Open AccessRate of spontaneous mutation at human loci encoding protein structure.
Author(s) -
James V. Neel,
Harvey W. Mohrenweiser,
Miriam H. Meisler
Publication year - 1980
Publication title -
proceedings of the national academy of sciences of the united states of america
Language(s) - English
Resource type - Journals
SCImago Journal Rank - 5.011
H-Index - 771
eISSN - 1091-6490
pISSN - 0027-8424
DOI - 10.1073/pnas.77.10.6037
Subject(s) - locus (genetics) , genetics , mutation rate , hum , biology , gene , art , performance art , art history
The techniques of electrophoresis were used in a search for evidence of mutation affecting protein structure, the indicators being hemoglobin and a set of serum proteins and erythrocyte enzymes.
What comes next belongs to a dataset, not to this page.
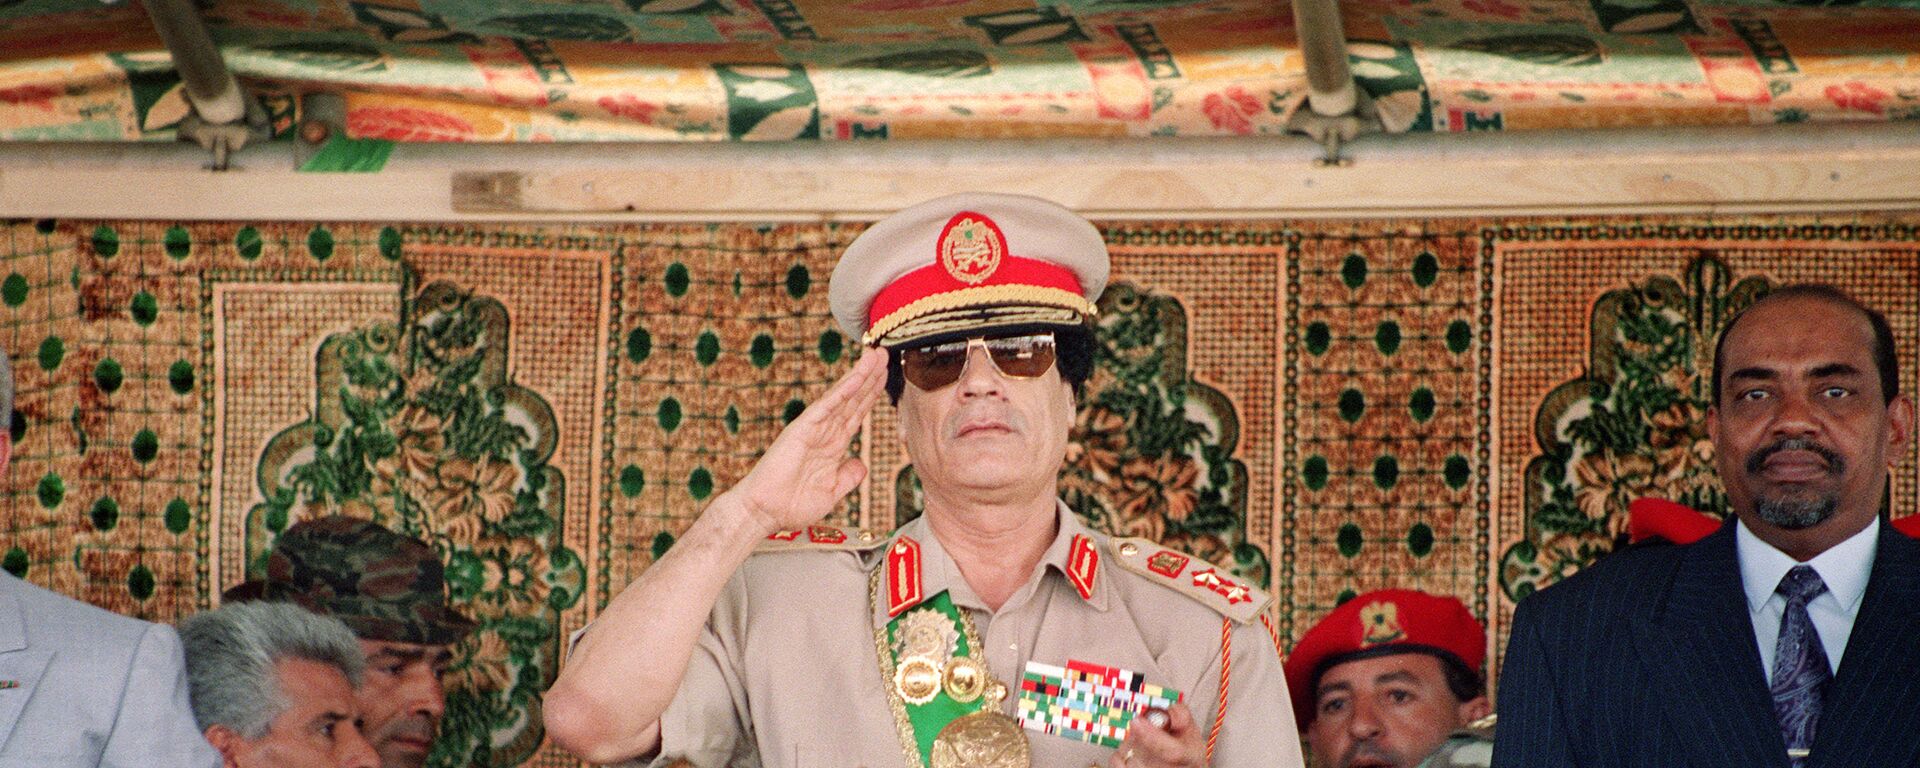 Lider Livii Muammar Kaddafi na voennom parade v čestь 25-letiя ego prihoda k vlasti v Tripoli, 1994 god - Sputnik Srbija, 1920, 24.10.2021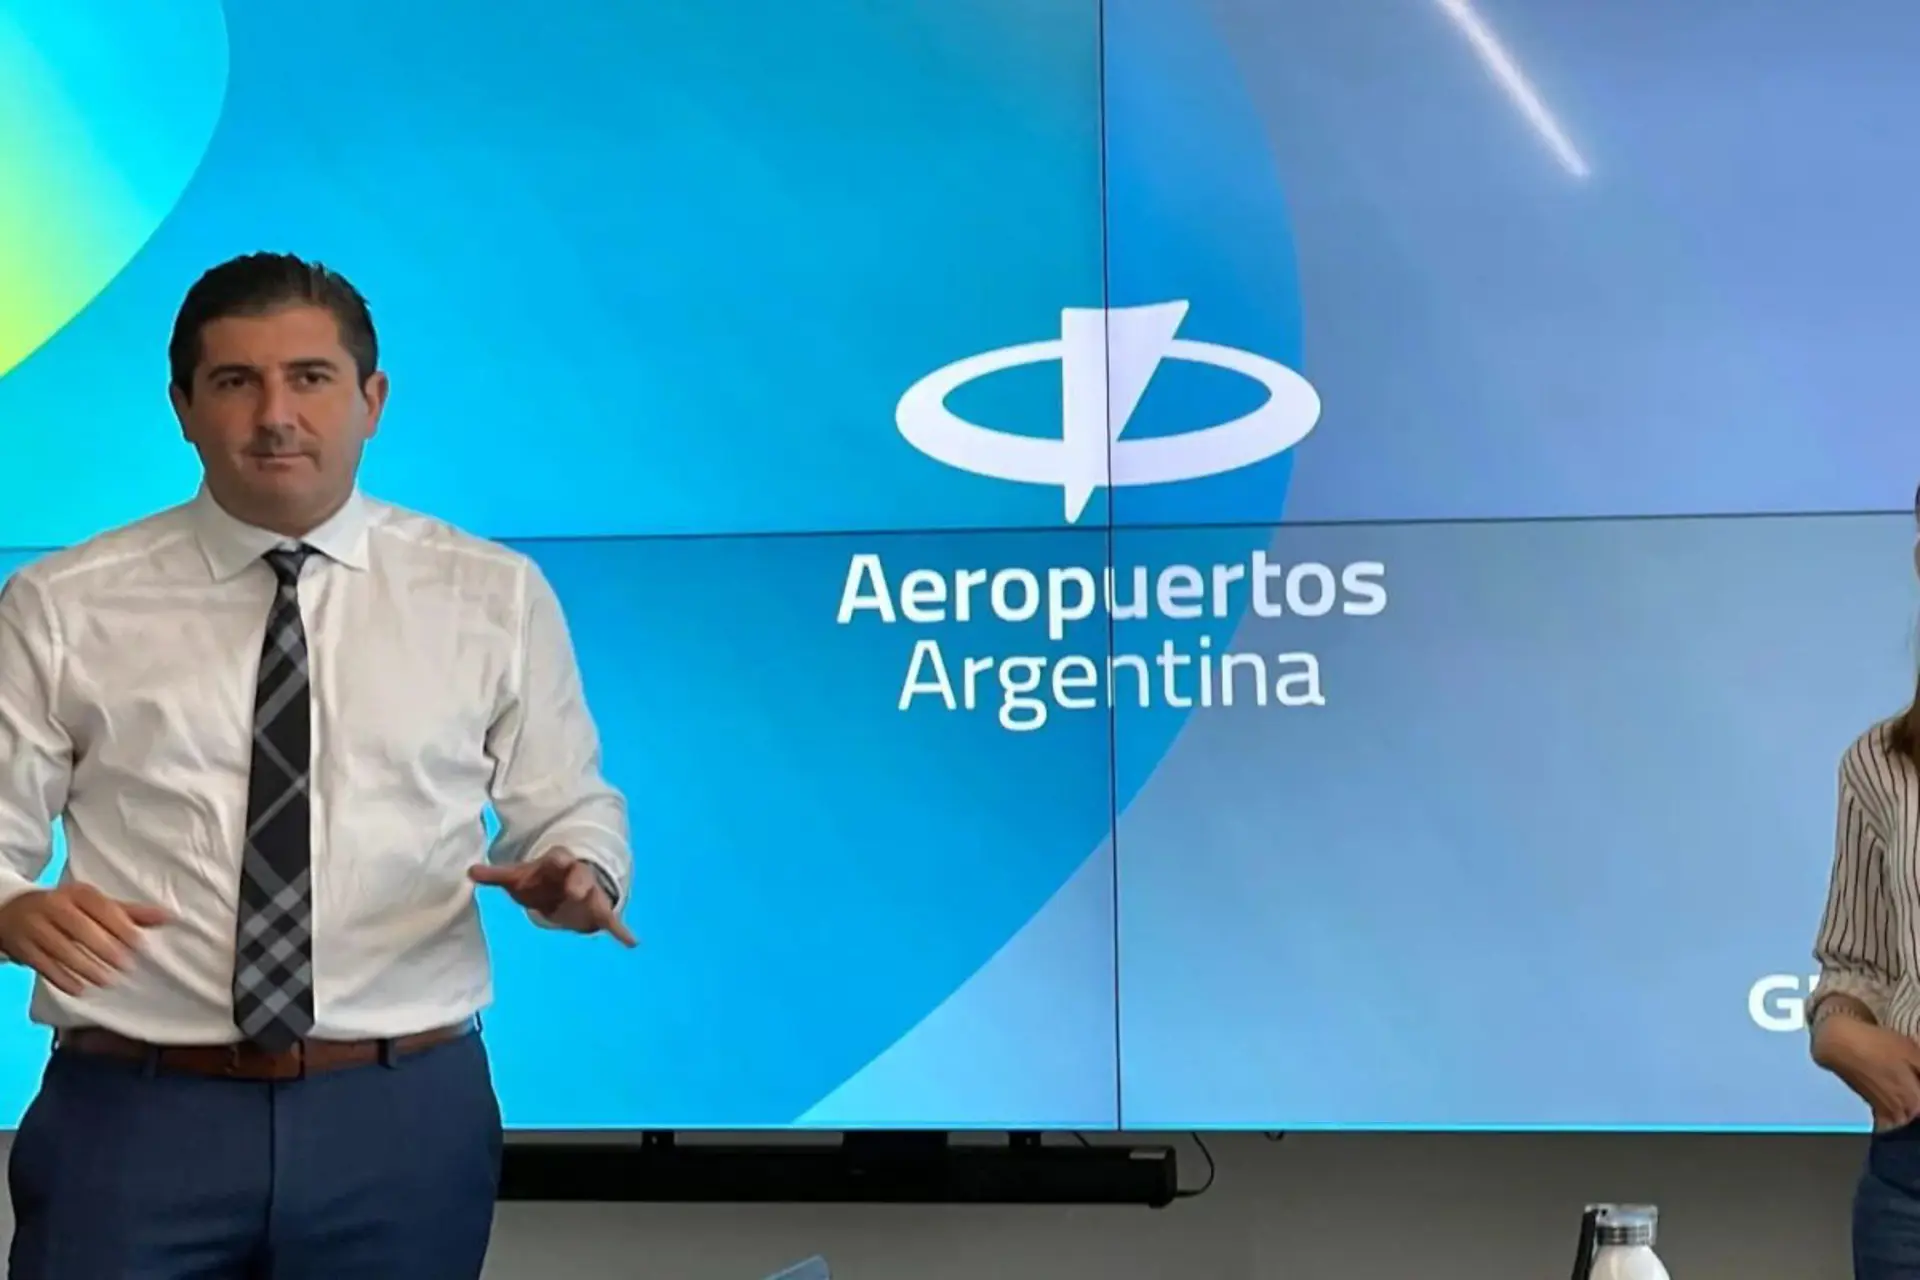 Nueva marca: Aeropuertos Argentina 2000 ahora es “Aeropuertos Argentina

Among 94,796 locus tests on Amerindians from Central and South America, there was no evidence for mutation. Among 105,649 locus tests on newborn infants in Ann Arbor, Michigan, there was also no evidence for mutation. We have previously failed to encounter any mutations in a series of 208,196 locus tests involving Japanese children [Neel, J. V., Satoh, C., Hamilton, H. B., Otake, M., Goriki, K., Kageoka, T., Fugita, M., Neriishi, S & Asakawa,J. (1980) Proc. Natl. Acad. Sci. USA 77, 4221-4225], and H. Harris, D. A. Hopkinson, and E. B. Robson [(1974) Ann. Hum. Genet. 37, 237-253] found no mutations in 113,478 locus tests on inhabitants of the United Kingdom. This failure to demonstrate any mutations of this type in a total of 522,119 locus tests excludes, at the 95% level of probability, a mutation rate greater than 0.6 X 10(-5)/locus per generation in this combination of populations.